Without an example of a value that is not converting properly, it is difficult to know if this will behave any differently than the cell.toString() approach you described in the description.

jt
+1  A: 

The problem with Excel is that the default format is generic. With this format Excel stores numbers entered in the cell as numeric. You have to change the format to text before entering the values. Reentering the values after changing the format will also work.
That will lead to little green triangles in the left upper corner of the cells if the content looks like a number to Excel.

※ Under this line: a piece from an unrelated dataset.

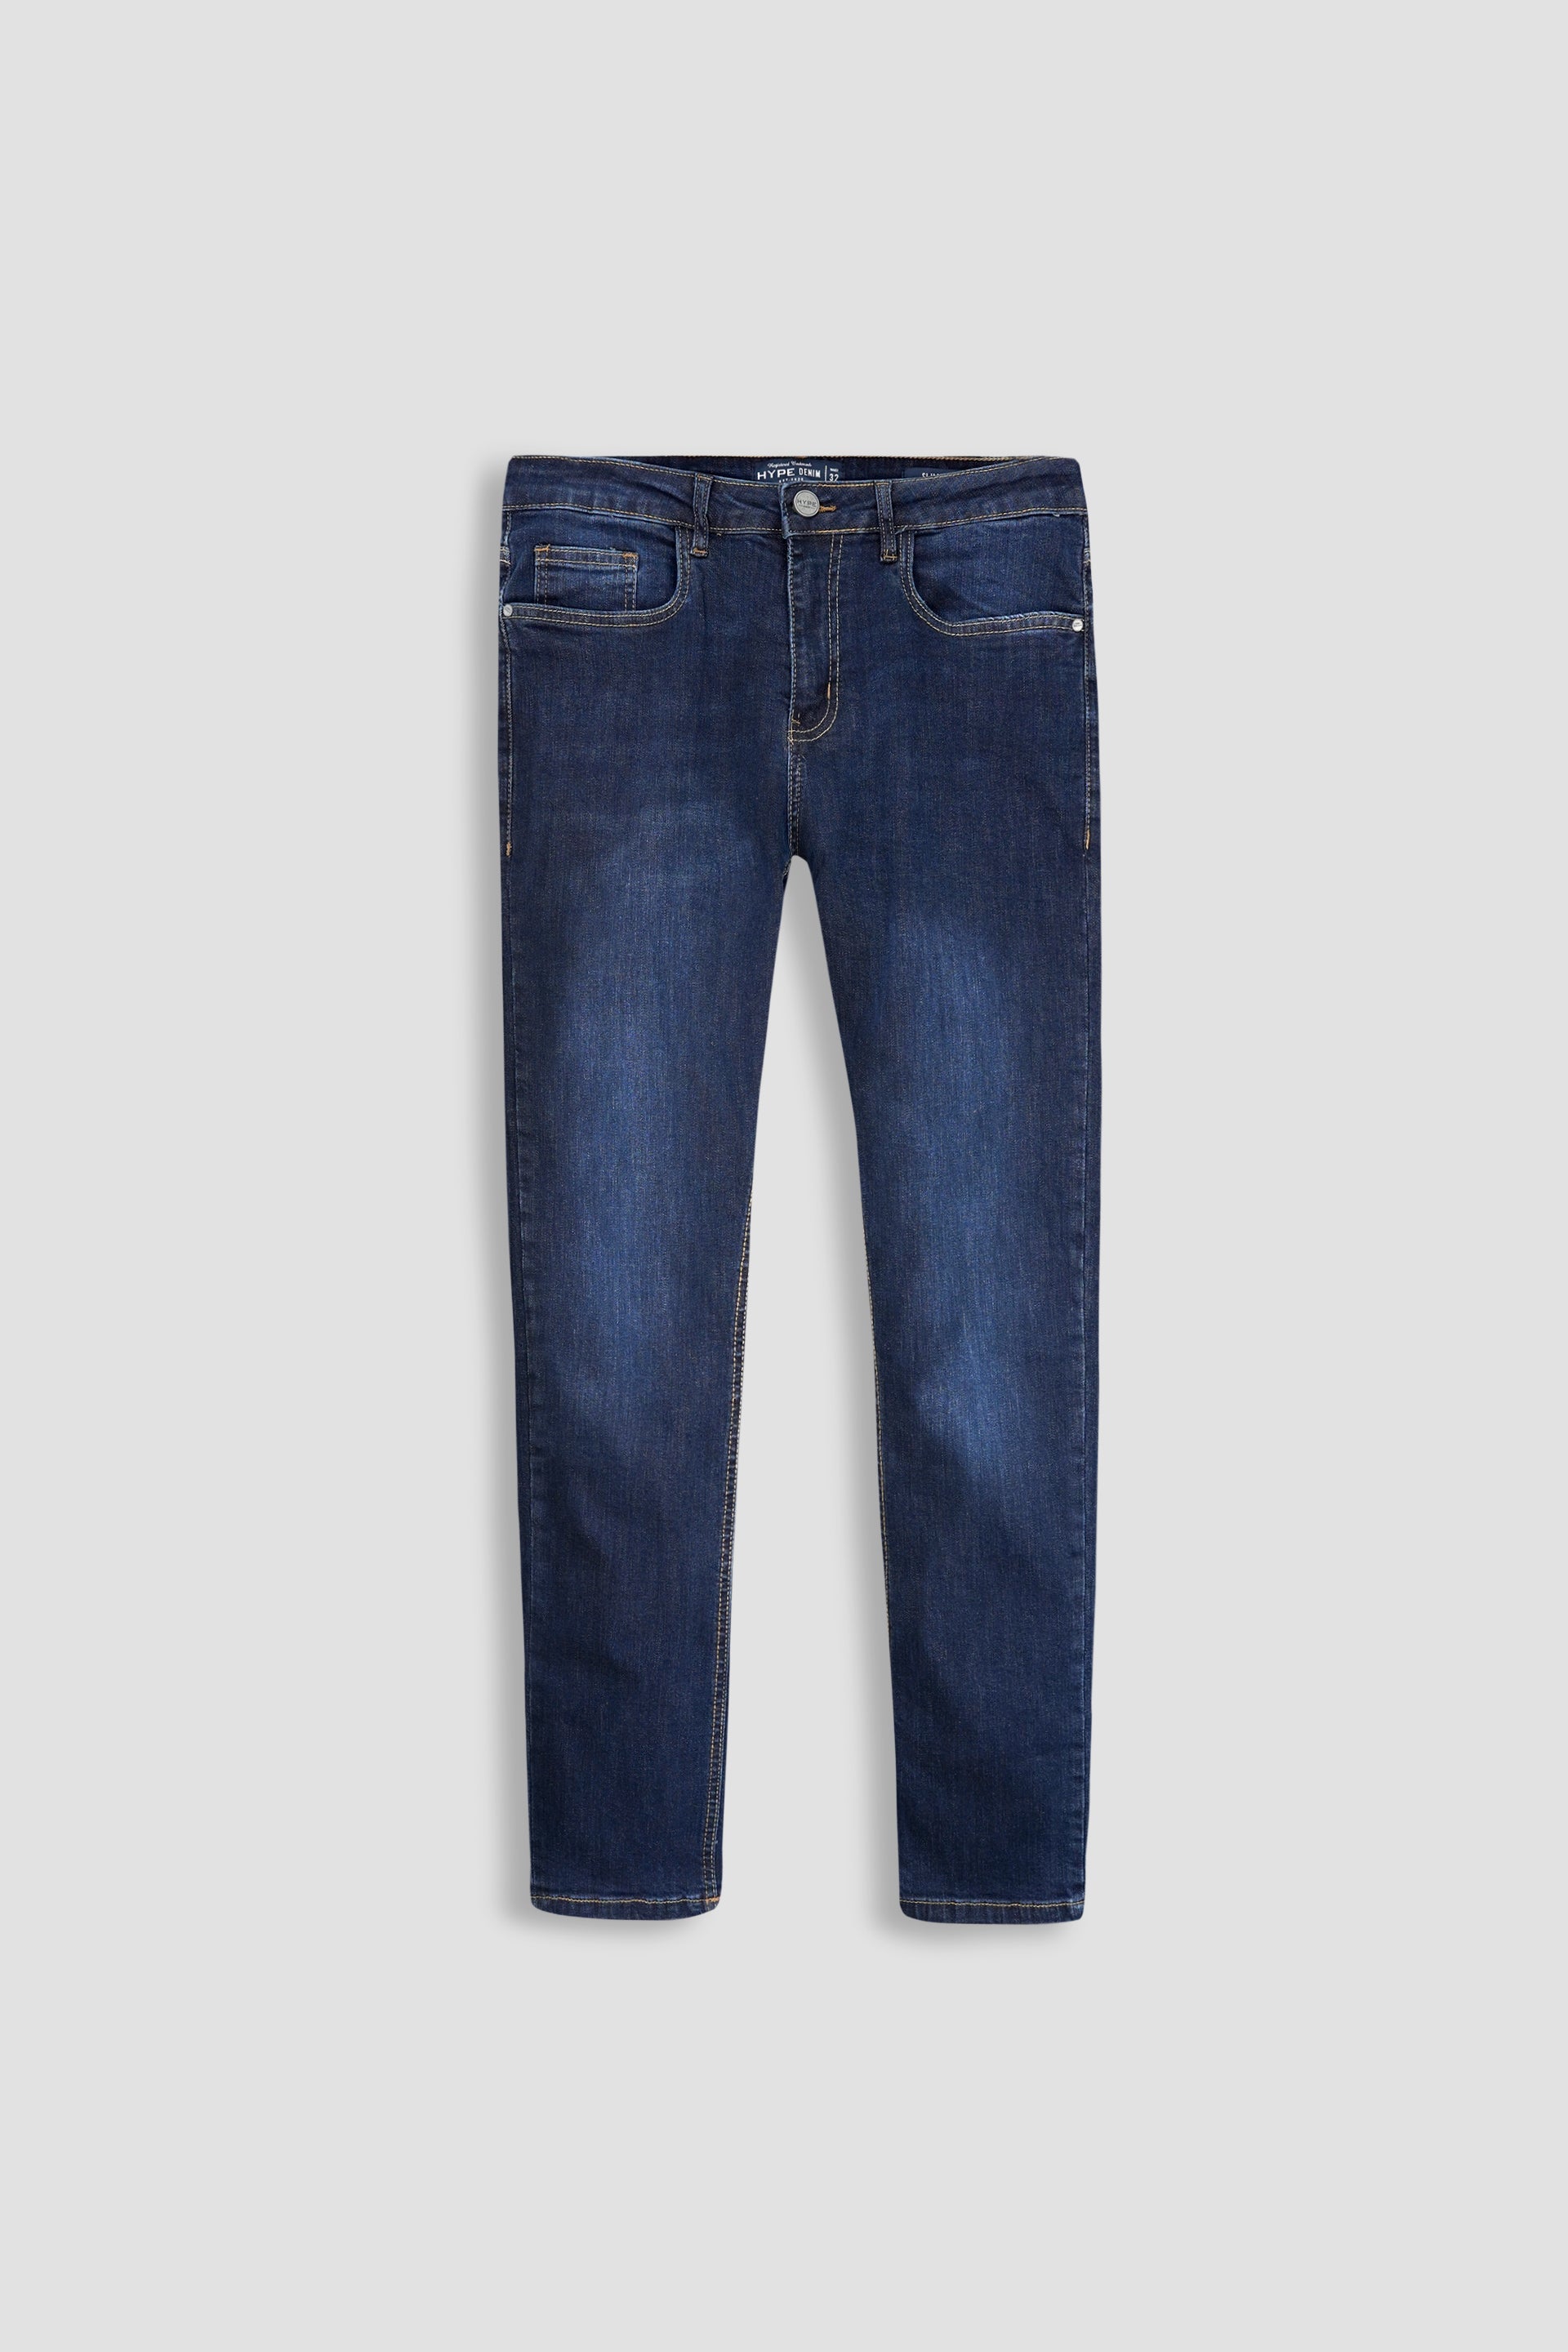 Blue Slim Fit Denim Jeans 002509

If this is the case the value is really stored as text.

With new BigDecimal(cell.getNumericCellValue()).toString() you will still have a lot of problems. For example if you have identifying numbers (e.g. part numbers or classification numbers) you probably have cases that have leading zeros which will be a problem with the getNumericCellValue() approach.

I try to thoroughly explain how to correctly create the Excel to the party creating the files I have to handle with POI. If the files are uploaded by end users I even have created a validation program to check for expected cell types if I know the columns in advance. As a by-product you can also check various other things of the supplied files (e.g. are the right columns provided or mandatory values).

Turismo
This seems to address my problem. Thank you.
egaga
A: 

"The problem is I have values in a cell that look like a number" => look like number when viewed in Excel?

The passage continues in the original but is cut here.